The demand for delivering video over the World Wide Web is increasing dramatically. This document is an effort to educate and provide video creators with general guidelines to assist with the activities of producing and distributing video on the Web. One important aspect in this endeavor is to provide realistic expectations. Web video is not TV quality. Bandwidth limitations often make creating quality desktop video a challenge. Tradeoffs will have to be made between file size, image quality, frame rate, and audio quality. Compression affects the look of the video at a given bandwidth. This document offers the opportunity to experience different types of videos at different compression rates in different formats.

The compression/decompression routines developed for Web video are improving everyday. Use these guidelines as just that -- information to guide you in the creation and distribution of video on the World Wide Web. The creation of high-quality video begins with the "big picture" approach. Keep the whole production process in mind while carefully planning each step. There are essentially 2 places where picture quality can be lost.

  • Video captures two-dimensional images of a three-dimensional world. Some of the detail found in the colors, sounds and images may be lost. Using a high quality camera, good lighting and audio equipment and professional production practices are ways to minimize that loss.

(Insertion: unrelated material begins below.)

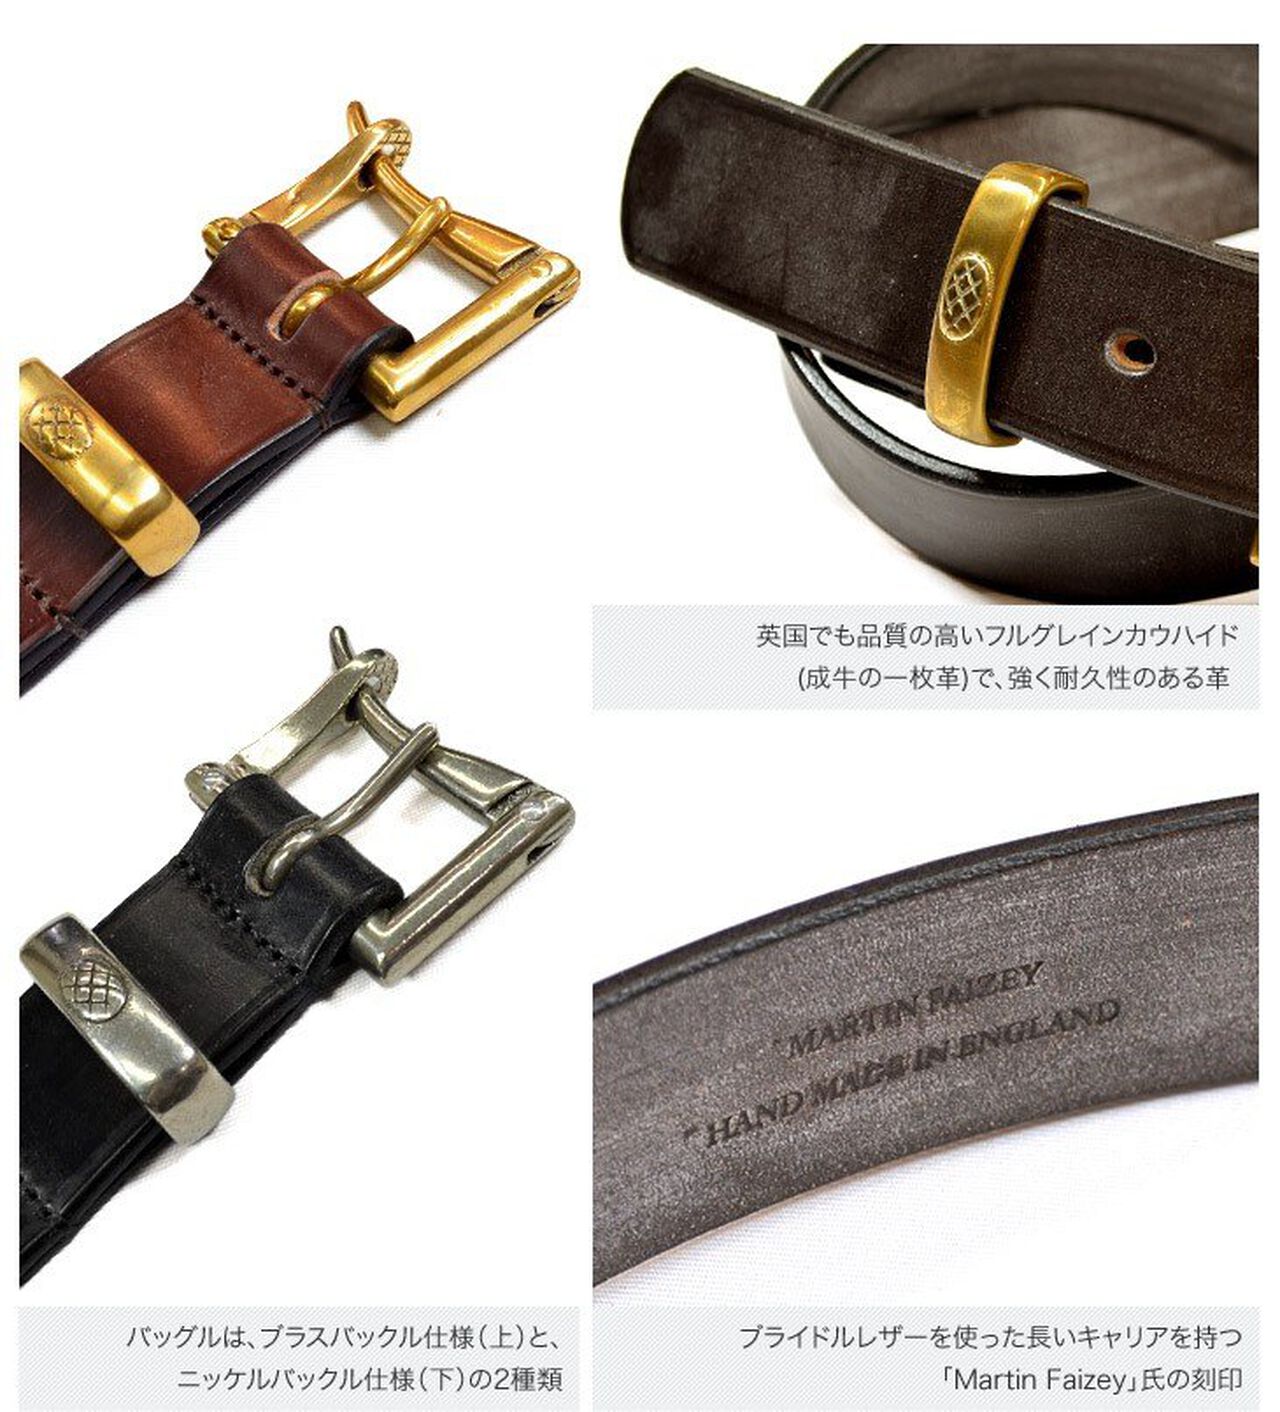 1.5 / 38mm wide leather Belt – EUH LEATHER COMPANY LTD.

  • Compression of the video is necessary to deliver it over the Web. Compression reduces the amount of data or information in the video again. Using the proper compression is another important step in producing quality video. The old saying "Garbage in, garbage out" is as true with video as any other computer process.

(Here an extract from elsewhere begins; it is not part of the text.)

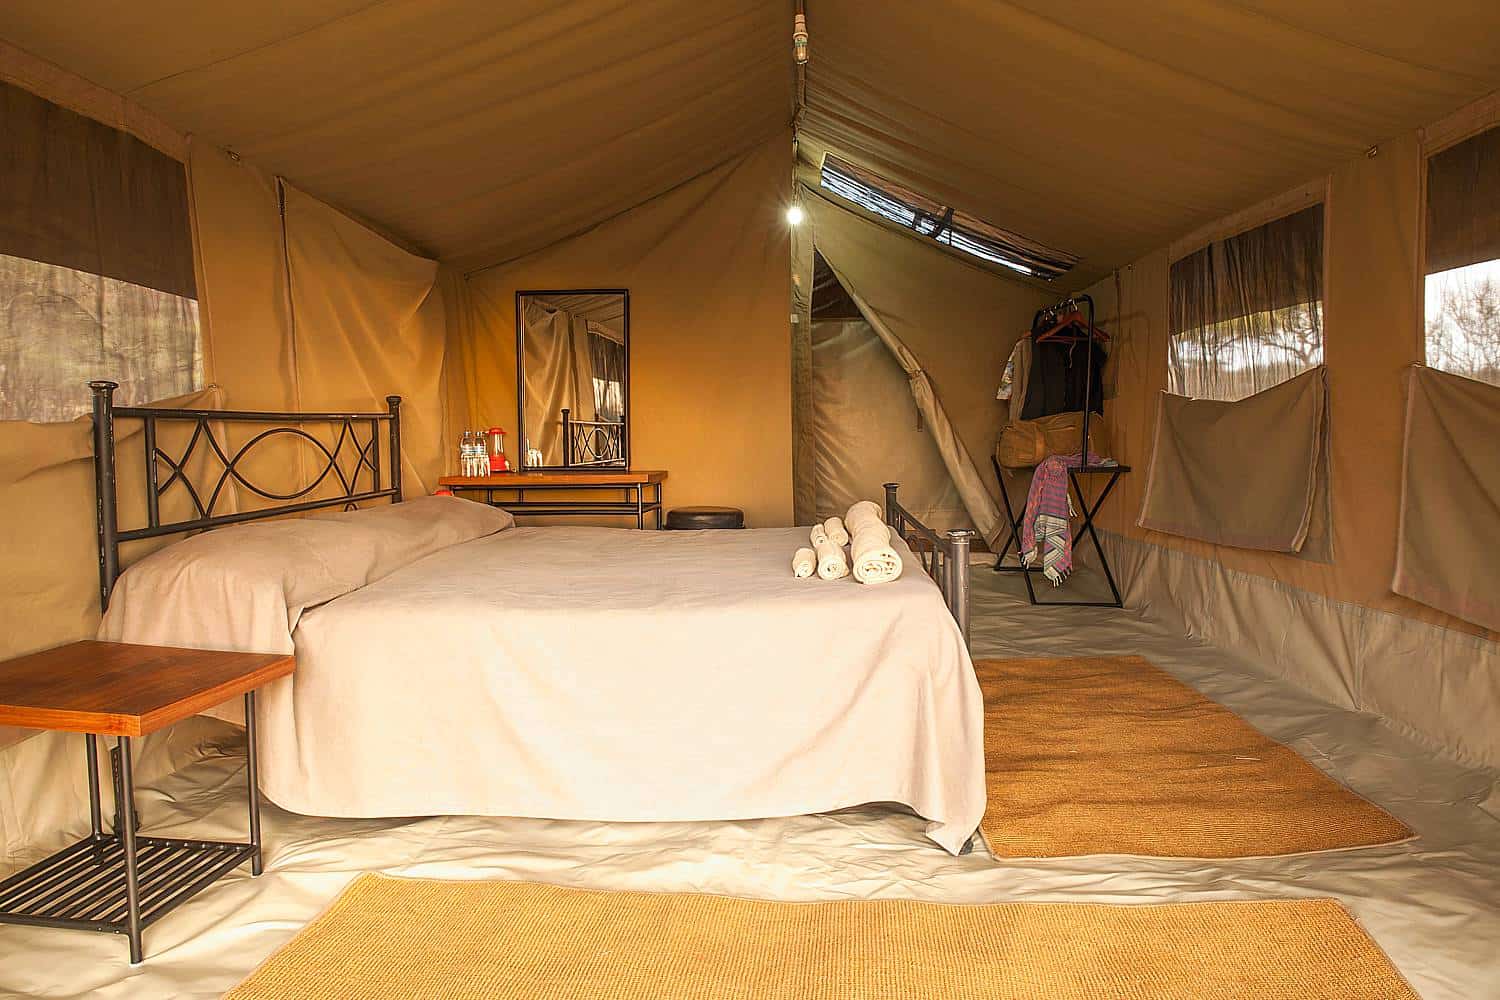 Ndutu Kati Kati Tented Camp Serengeti Tanzania, 6 Day Tanzania Mid-Range Safari

Video technology can be exciting and frustrating. The technology is often on the cutting edge and there are varying standards to go by. Different equipment and software can create challenges. Get to know others on campus who are engaging in these activities. Join the UT Digital Video Producers Group by contacting Diane Gierisch at dianeg@forum.utexas.edu.

These guidelines will address the 2 major types of video on the Web: streaming versus progressive download.

  • Streaming media is live and/or archived audio or video content, delivered in almost real-time to an end user's computer via the Internet. It's also called video-on-demand. For large files, streaming is preferable to downloading because you do not have to wait for the file to download before viewing it. Downloading a video file can greatly increase the amount of time it takes to view a presentation. In addition, many computers do not have the storage capacity to store a long presentation. Streamed presentations are experienced as they are downloaded, and generally not stored on the clients system. Viewers do not need to wait for the entire file to download to experience it. Further, it allows the consumer to jump forward or backward to the section of the content of interest.

  • Progressive downloads are files that are downloaded to the viewers computer. The files do not have to be completely downloaded before viewing begins (some media players have a "quickstart" feature) but the final result is that a copy of the movie exists on the viewers computer. For longer (larger) movies and smaller bandwidth versions or users, this may not be desirable. Determine your audience and their method of Internet connectivity when planning your video.

NOTE: The Video on the Web Guidelines will be reviewed and, if necessary, updated bi-annually.